训练深度神经网络的要求越来越高，需要大量的数据集和大量的计算资源，特别是随着模型复杂性的提高。旨在提高数据效率的数据蒸馏方法已经成为应对这一挑战的有希望的解决方案。在单幅图像超分辨率（SISR）领域，对大型训练数据集的依赖凸显了这些技术的重要性。最近，一种基于生成对抗网络（GAN）反转的SR数据蒸馏框架被提出，显示出更好的数据利用潜力。然而，目前的方法严重依赖于预训练的SR网络和特定类别的信息，限制了其泛化和适用性。为了解决这些问题，我们为图像SR引入了一种新的数据蒸馏方法，该方法不需要类标签或预训练的SR模型。其中，我们首先提取高梯度的小块，并基于CLIP特征对图像进行分类，然后在选择的小块上微调扩散模型，学习它们的分布并合成蒸馏的训练图像。实验结果表明，我们的方法在使用更少的训练数据和更少的计算时间的同时达到了最先进的性能。具体来说，当我们仅使用原始数据集的0.68%来训练SR的基线Transformer模型时，性能下降仅为0.3 dB。
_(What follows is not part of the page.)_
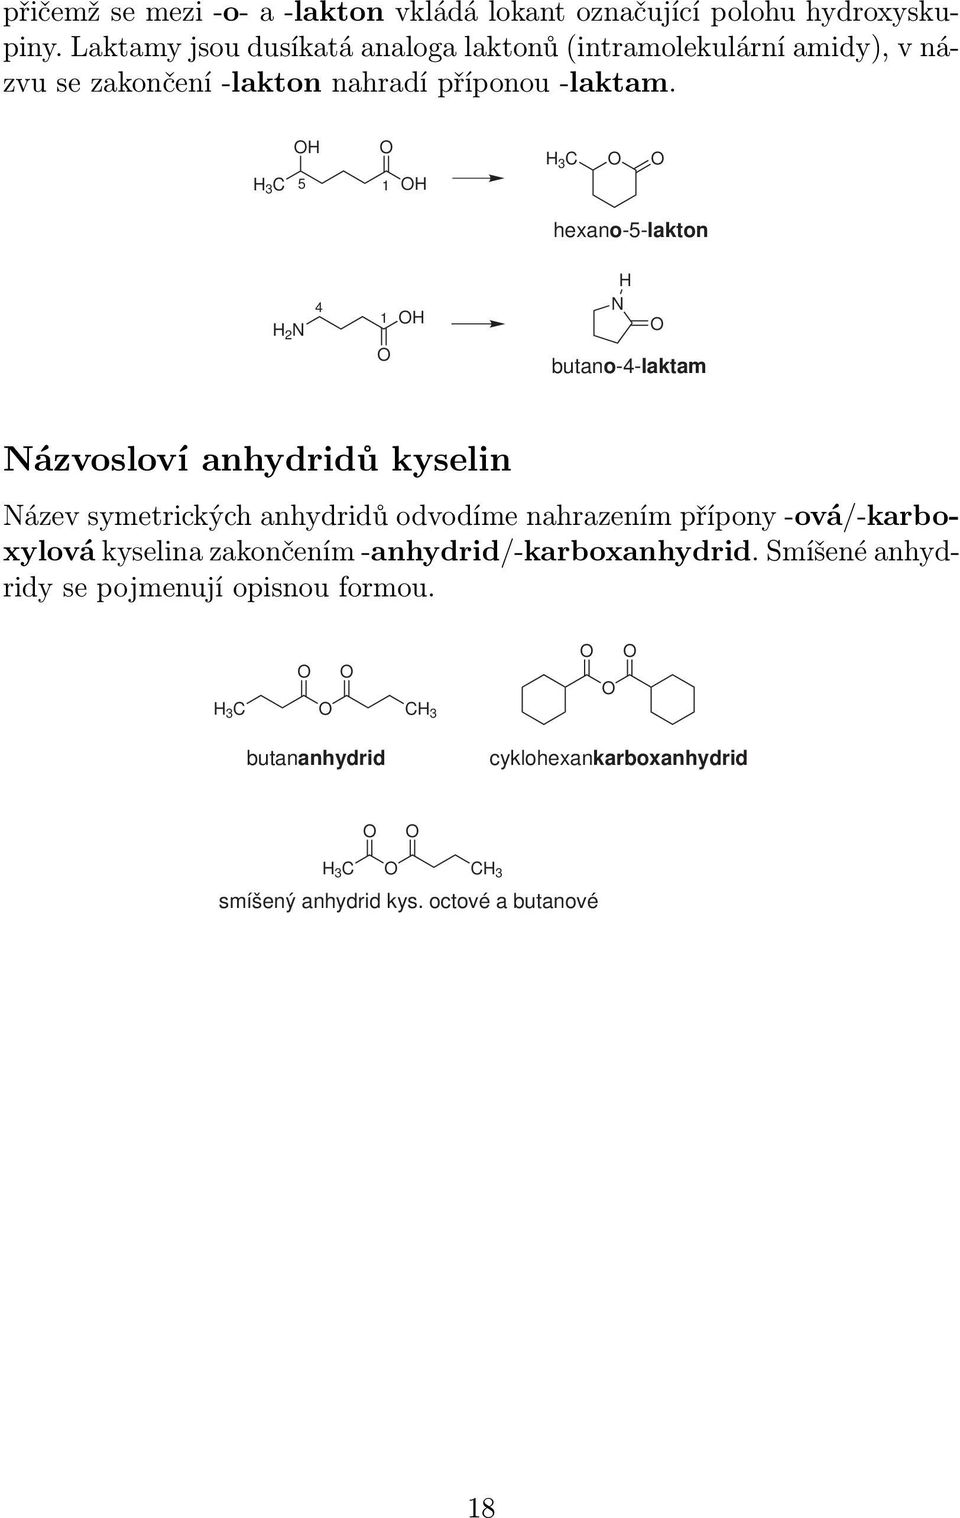 3 5 1 3 hexano-5-lakton 2 4 1 butano-4-laktam ázvosloví anhydridů kyselin ázev symetrických anhydridů odvodíme nahrazením přípony

在这种情况下，扩散模型的微调时间为4小时，SR模型的训练时间为1小时，大大缩短了完整数据集11小时的训练时间。

本文章由计算机程序翻译，如有差异，请以英文原文为准。

求助全文

约1分钟内获得全文求助全文

来源期刊

IEEE Signal Processing Letters 工程技术-工程：电子与电气

CiteScore

7.40

自引率

12.80%

发文量

339

审稿时长

2.8 months

期刊介绍： The IEEE Signal Processing Letters is a monthly, archival publication designed to provide rapid dissemination of original, cutting-edge ideas and timely, significant contributions in signal, image, speech, language and audio processing. Papers published in the Letters can be presented within one year of their appearance in signal processing conferences such as ICASSP, GlobalSIP and ICIP, and also in several workshop organized by the Signal Processing Society.